Following up and down the ridge was still fun and made for a good adventure. We saw some beautiful cliffs and sweeping panoramic vistas of the sea. At one point we came across a small lake that was reminiscent of an alpine tarn in BC. While we were enjoying the journey, we were beginning to realize that completing the entire ridge in a day was looking a bit unattainable for us due to our pace. In close to four hours we’d only covered 4 km! (Of an approximate 14 km total length, as the crow flies) Much of our time was being lost to the vertical gain/loss of each pinnacle along the ridge, lack of clear path, and the unrelenting sogginess of the terrain.
By midafternoon we reached one of the climbing areas described in our guide.
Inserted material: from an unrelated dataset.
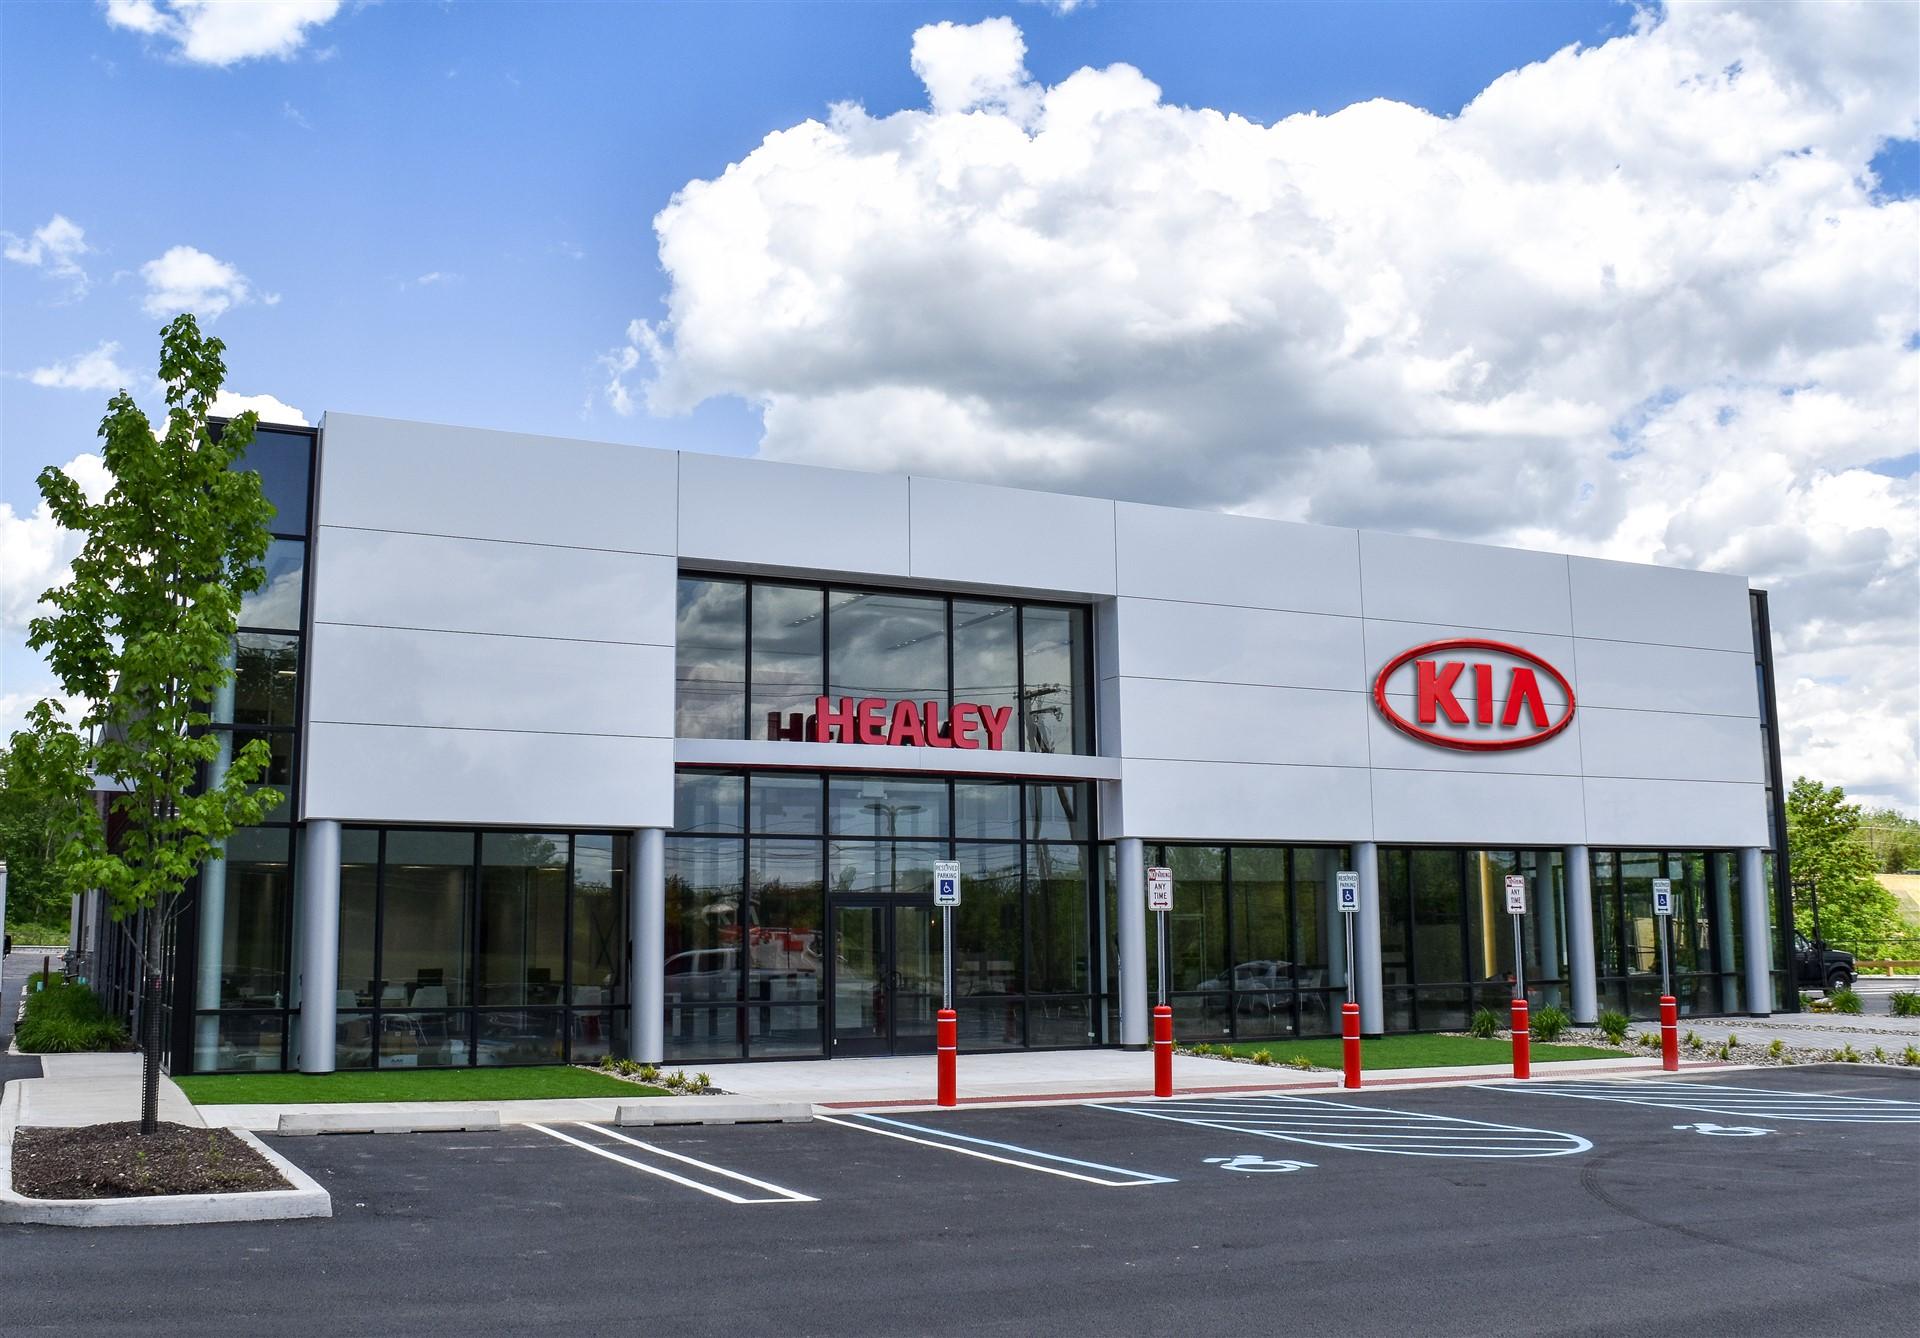 Healey Kia 114 Route 17K Newburgh NY Auto Dealers MapQuest
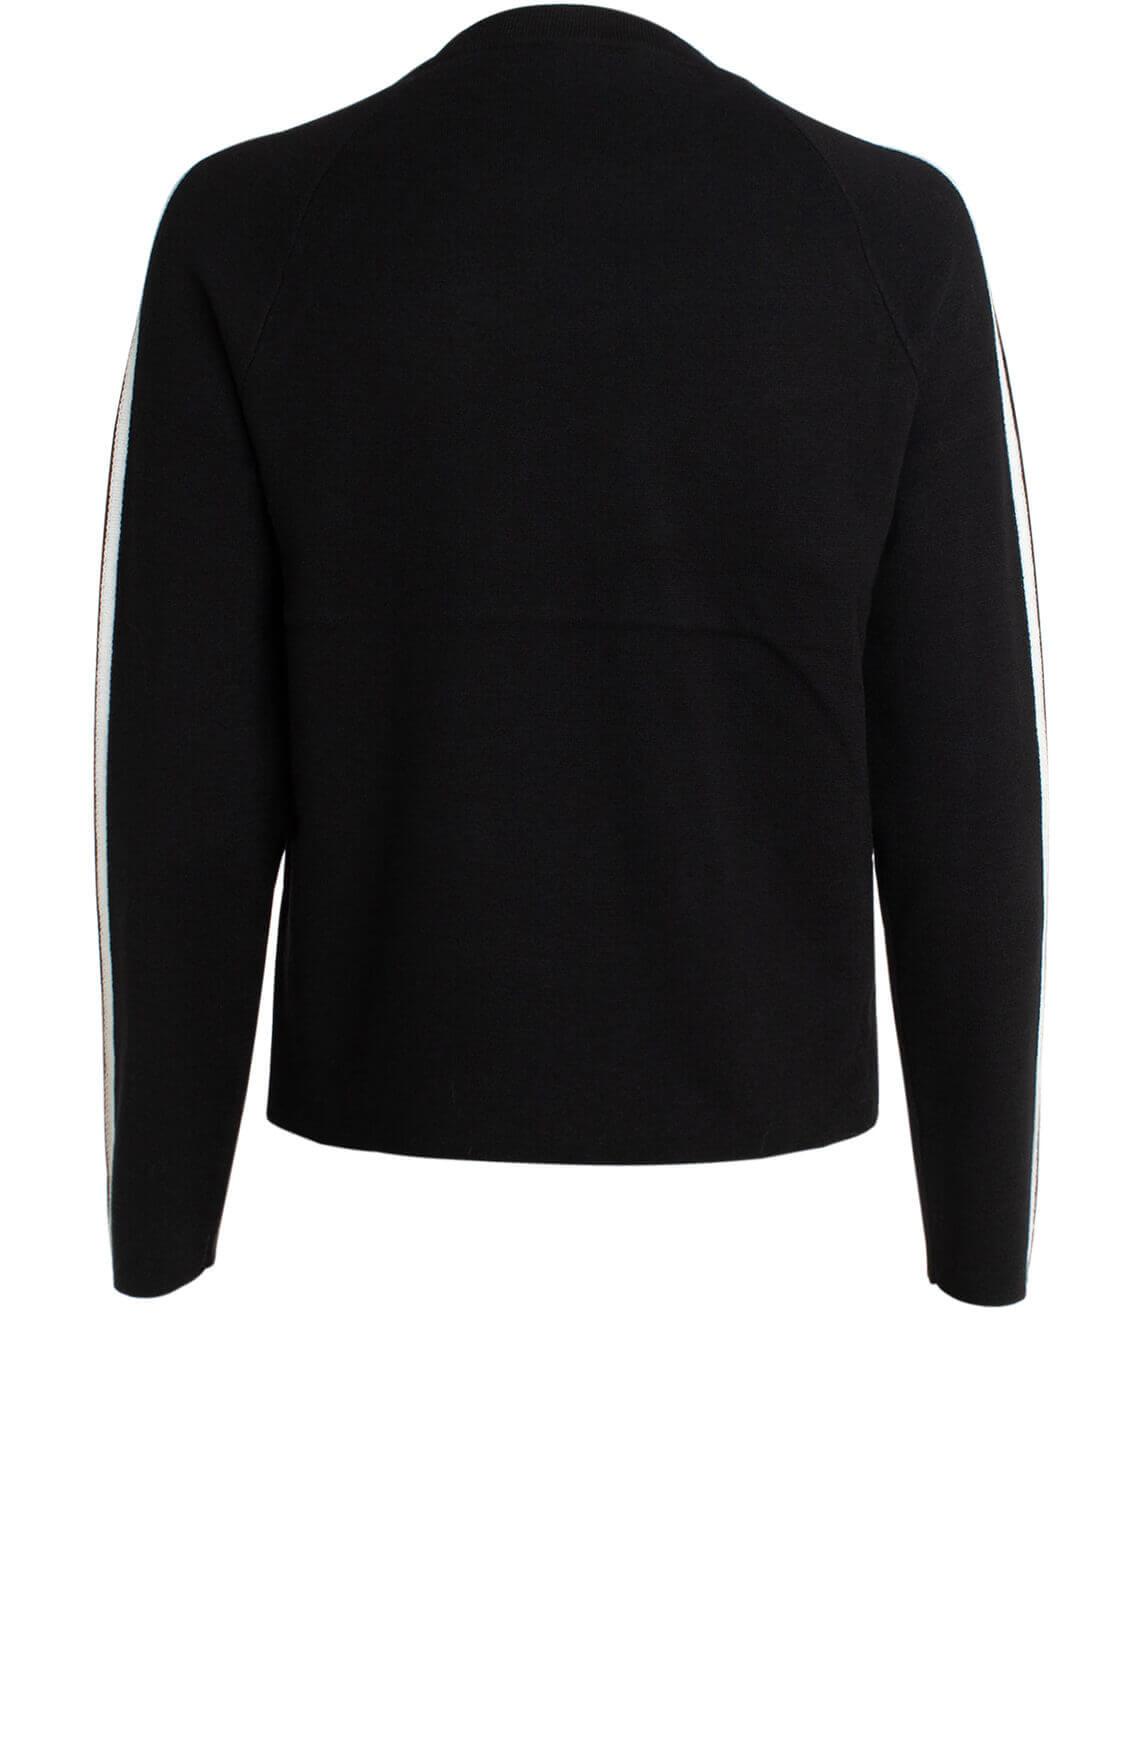 Anna Dames Sweater met witte bies zwart

We were sad to not have climbing gear with us as this was probably the most stunning crag we’d come across yet! It was beautiful, clean, and dry rock with what looked like very high quality crack systems running up in many places. The right hand side even looked tall enough for some multi-pitch potential! It looked pristine and untouched, probably due to its remoteness – a crag of this quality would be swarming with climbers if it were located somewhere like the Squamish Smoke Bluffs. To make matters worse, it was like the weather was playing a cruel joke on us. Despite all predictions to the contrary, the weather was fantastic, sunny and warm at this stage (after windy and wet in the morning). I couldn’t help but kick myself for having left the rope and gear back in the car.